Taoiseach: Disorderly Brexit could see island of Ireland treated as one economic zone

A no-deal Brexit could see the entire island of Ireland treated as one economic zone for food and agriculture trade, Taoiseach Leo Varadkar has signalled.

Taoiseach: Disorderly Brexit could see island of Ireland treated as one economic zone

A disorderly Brexit could see the entire island of Ireland treated as one economic zone for food and agriculture trade, Taoiseach Leo Varadkar has signalled.

Checks on businesses and an increase in random inspections are also being looked at, he said.

The confirmation comes after the government admitted that Dublin and Brussels were in talks about checks and tariffs in Ireland if Britain crashes out of the EU. The concern is that substandard products or smuggled goods could come from the North and cross the EU frontier into Ireland, which would breach the bloc's trade protections.

The government has said these new checks and levies on goods would be a worst case scenario if there is no exit deal agreed with Britain by the October 31 deadline.

“The kind of things that we are looking at and we are proposing are the entire island of Ireland would be treated the same when it comes to agriculture and food. There would be a single epidemiological zone and any SPS checks [on animals and food] would happen on the ports.

"Your products and animals coming in from Britain to the island of Ireland," Mr Varadkar told Pat Kenny on Newstalk.

He also admitted that tariffs would apply in a no-deal scenario.

The other things are checks at business level and random checks and controls. And we will have to have those anyway because of smuggling. They exist already, but we would have to have a lot more of them.

"This isn't a good solution, this is vastly inferior to what we negotiated with Prime Minister May and it is vastly inferior to the Norway plus model.”

The Taoiseach and government are preparing to negotiate Ireland's position and Brexit with the new British prime minister, who will be decided upon later this month.

Mr Varadkar said it was “significant” that the UK's Labour party had now formally decided to back calls for a second Brexit referendum. He also said he would reserve judgement on the new prime minister until they meet.
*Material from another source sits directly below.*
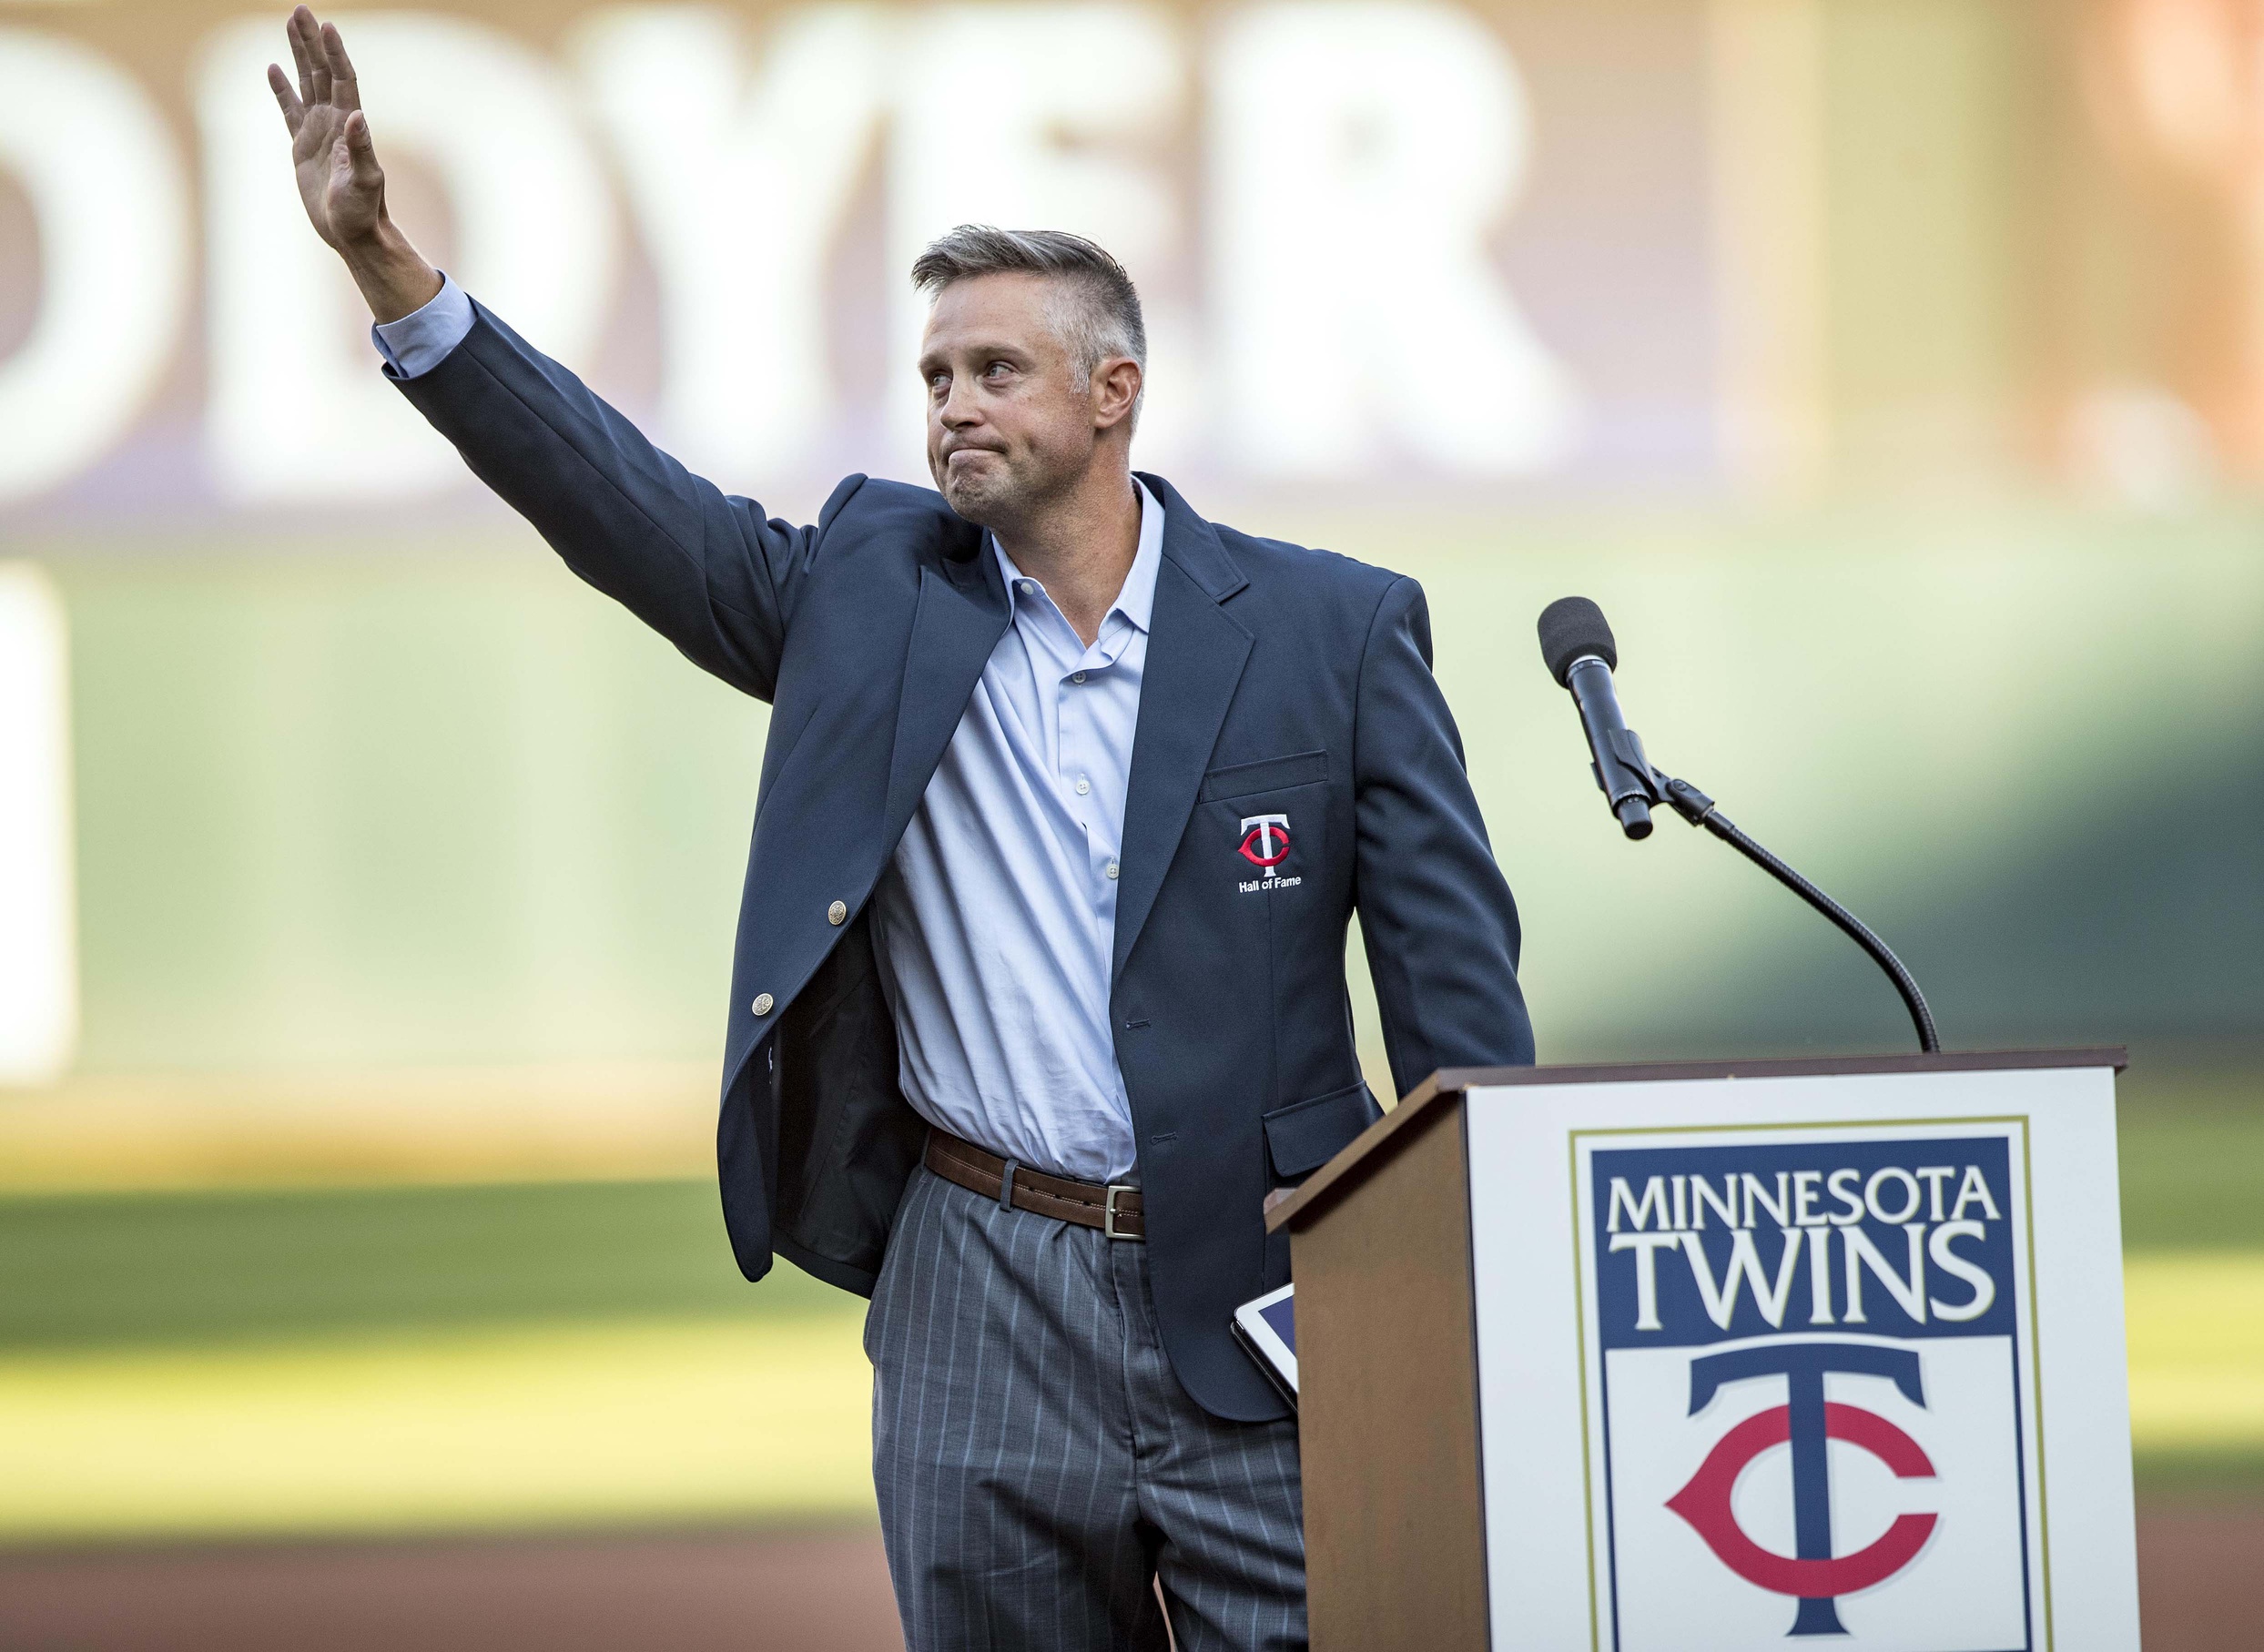 Twins players might get old, but reminiscing about 1987 title doesn't

Nonetheless, Mr Varadkar warned that there would be a “reality check” for either Boris Johnson or Jeremy Hunt when they are briefed by their civil servants about Brexit.

Suggestions that the difficult issue of the North and the border could be negotiated in the implementation phase of the Withdrawal Agreement are “incorrect”, insisted Mr Varadkar.

He warned that “perhaps” the sun was setting on the British empire, predicting that if the next prime minister crashed Britain out of the EU without an exit deal, the country would “fall into economic decline for many decades” and it would be overtaken by France as well as lots of countries in Asia.

Meanwhile, Mr Varadkar has spoken with incoming European Commission president Ursula von der Leyen. The two are believed to have discussed Brexit as well as the upcoming parliament. Mr Varadkar said he wanted Irish MEPs to back Ms von der Leyen's nomination for the top EU job.

He also confirmed that Ireland would be nominating Phil Hogan alone for commissioner, despite a suggestion by Ms von der Leyen that she would like member states to nominate both a man and a woman for roles. Mr Varadkar said he believed in "gender balance" but that Mr Hogan was the right choice for the job.